Deep Learning Clustering Method (e.g., scG-cluster, scSMD):
- scG-cluster: This method constructs a dual-topology adjacency graph to capture both global and local relationships between cells. It then uses a Topology Adaptive Graph Convolutional Network (TAGCN) with residual connections to prevent oversmoothing and an attention mechanism to dynamically weight features. Clustering centers are iteratively refined for stability [81].
- scSMD: This model integrates a convolutional autoencoder with a Multi-dilated Attention Gate, informed by a negative binomial distribution to model scRNA-seq data noise. It captures gene interactions at multiple scales and uses a component called CellNet to refine cell-cell similarity relationships in the latent space [80].
Evaluation Metrics: Use metrics like Adjusted Rand Index (ARI), Normalized Mutual Information (NMI), and cluster purity to compare the algorithm-derived clusters to the known biological labels.

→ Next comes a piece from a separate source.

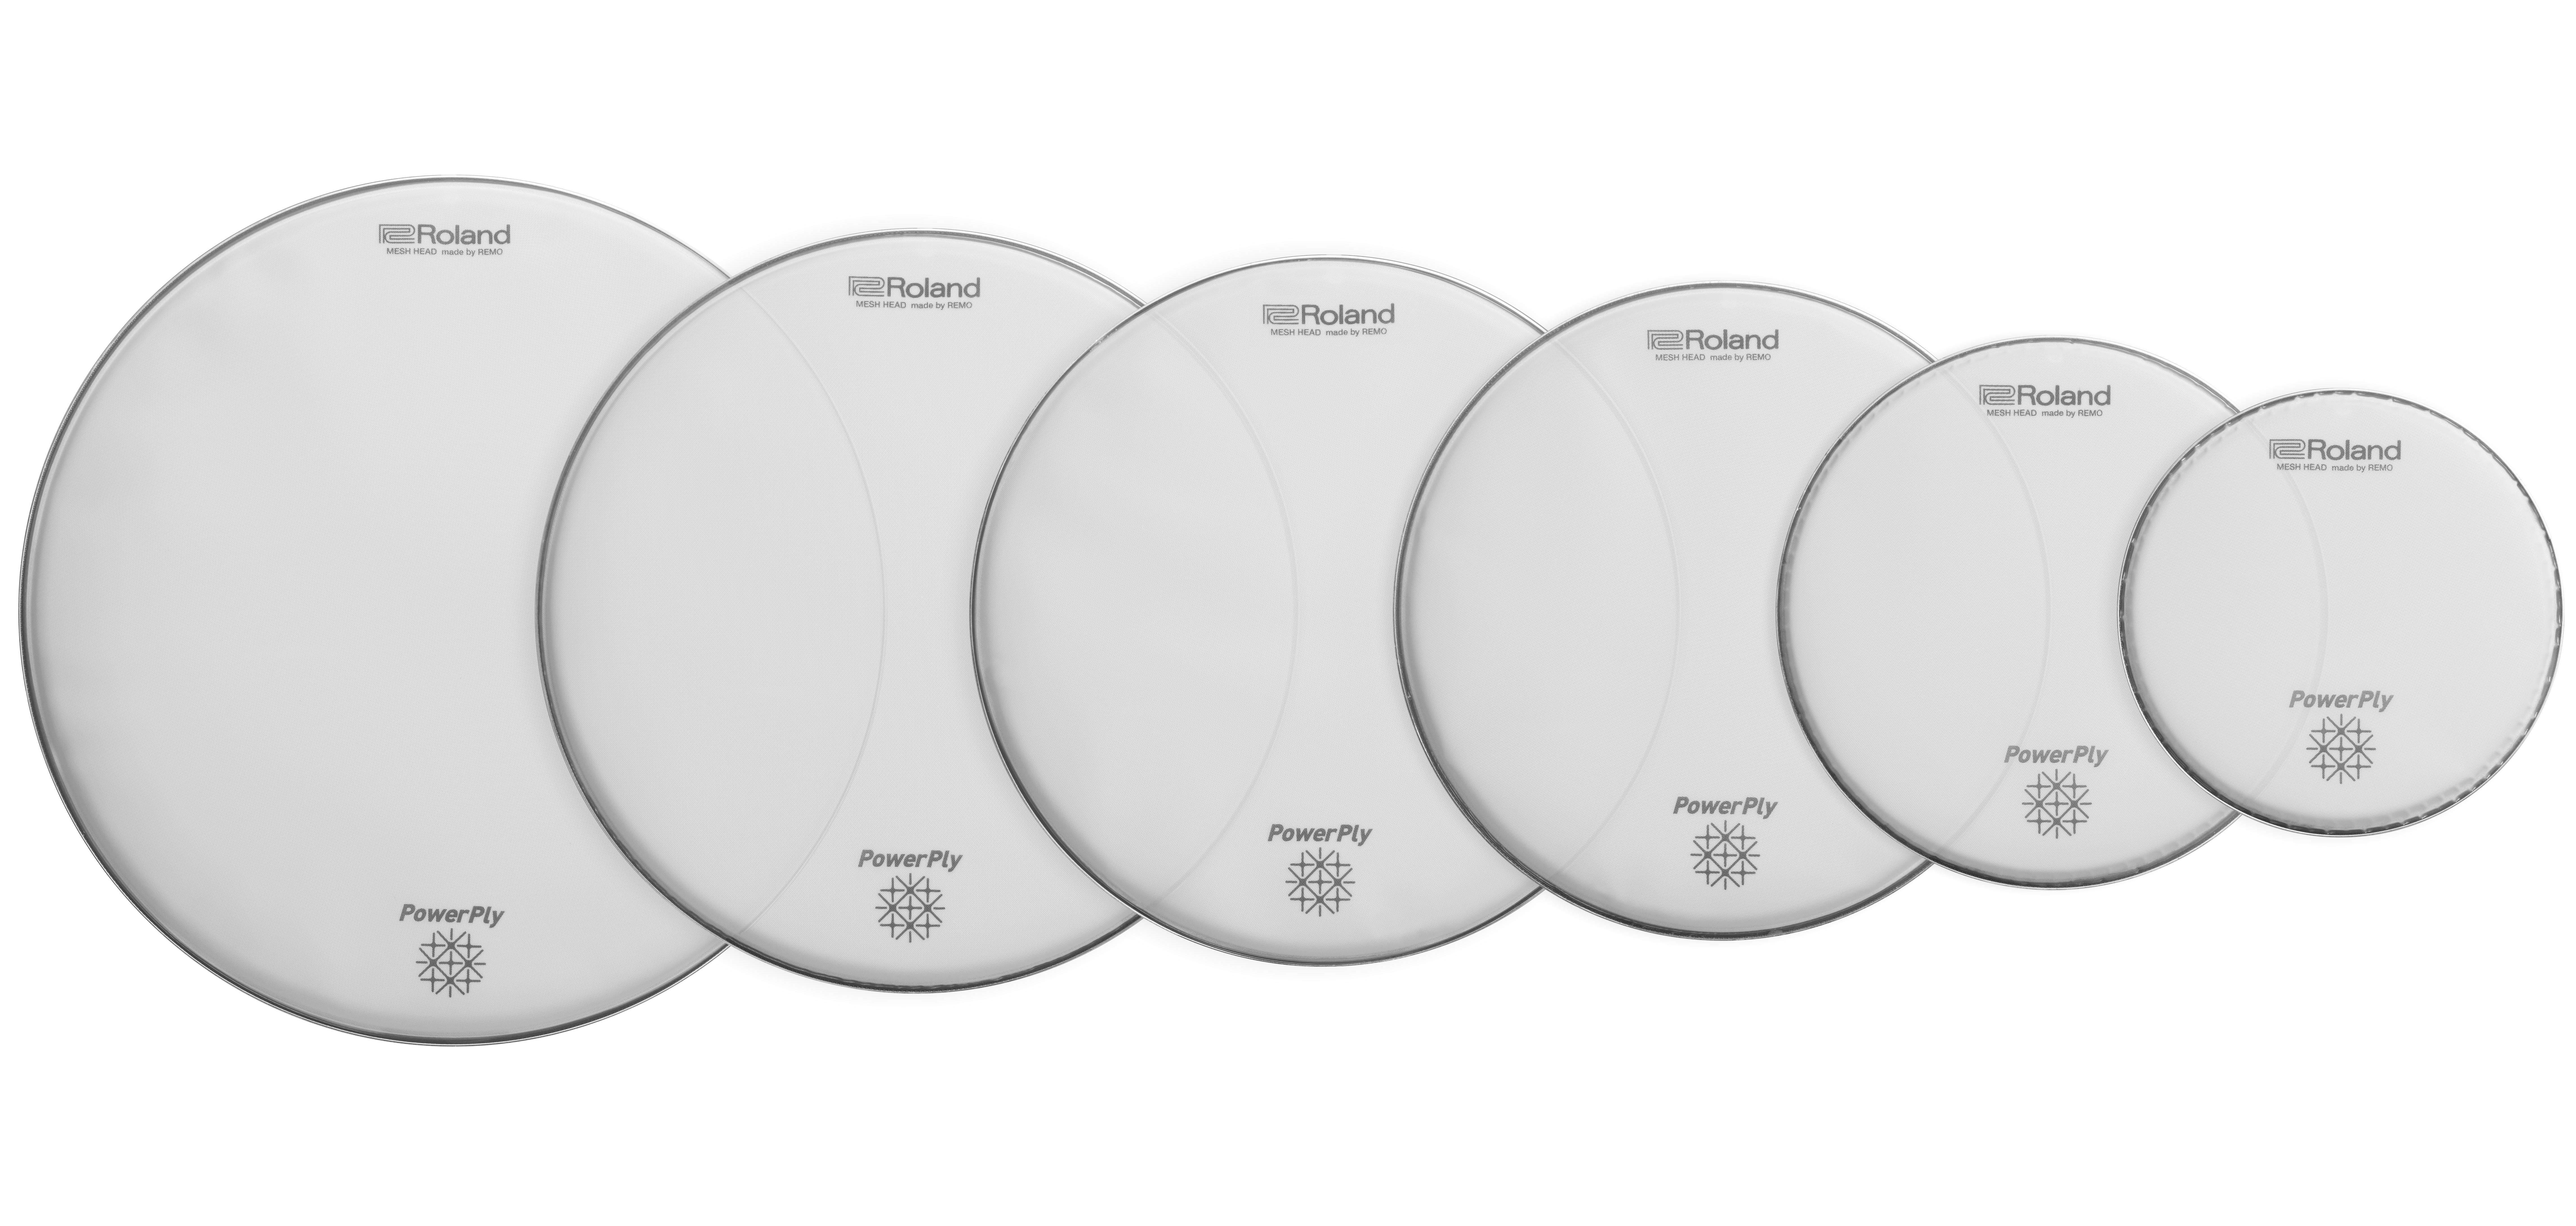 Batteries & Percussions - PEAUX - BATTERIE - ROLAND - MH2-10 - Royez Musik

The following diagram illustrates the core architectural differences in the clustering workflows of these methodologies.

Comparative Performance in Real-World Applications

Empirical evaluations across various biological tasks consistently demonstrate the strengths and limitations of each paradigm. The table below summarizes quantitative performance comparisons as reported in the literature.

Table 2: Performance Comparison of Traditional Methods vs. Foundation Models

Application / Task	Traditional Method (Performance)	Foundation/Deep Learning Method (Performance)	Key Findings
Cell Type Annotation (PBMC data)	scCompare (Precision & Sensitivity: Outperformed scVI for most cell types) [79]	scVI (Precision & Sensitivity: Lower than scCompare for most types) [79]	Specialized traditional tools can still surpass some deep learning models on specific annotation tasks.
Unsupervised Clustering (Various datasets)	SCANPY (Leiden) [81]	scG-cluster (Outperformed existing state-of-the-art methods in accuracy & scalability) [81]	Advanced deep learning models with enhanced graph architectures show superior clustering accuracy and stability.
Unsupervised Clustering (Osteosarcoma data)	Standard tools (Baseline performance) [80]	scSMD (Superior clustering accuracy) [80]	Deep learning models like scSMD demonstrate high accuracy and robustness on complex disease data.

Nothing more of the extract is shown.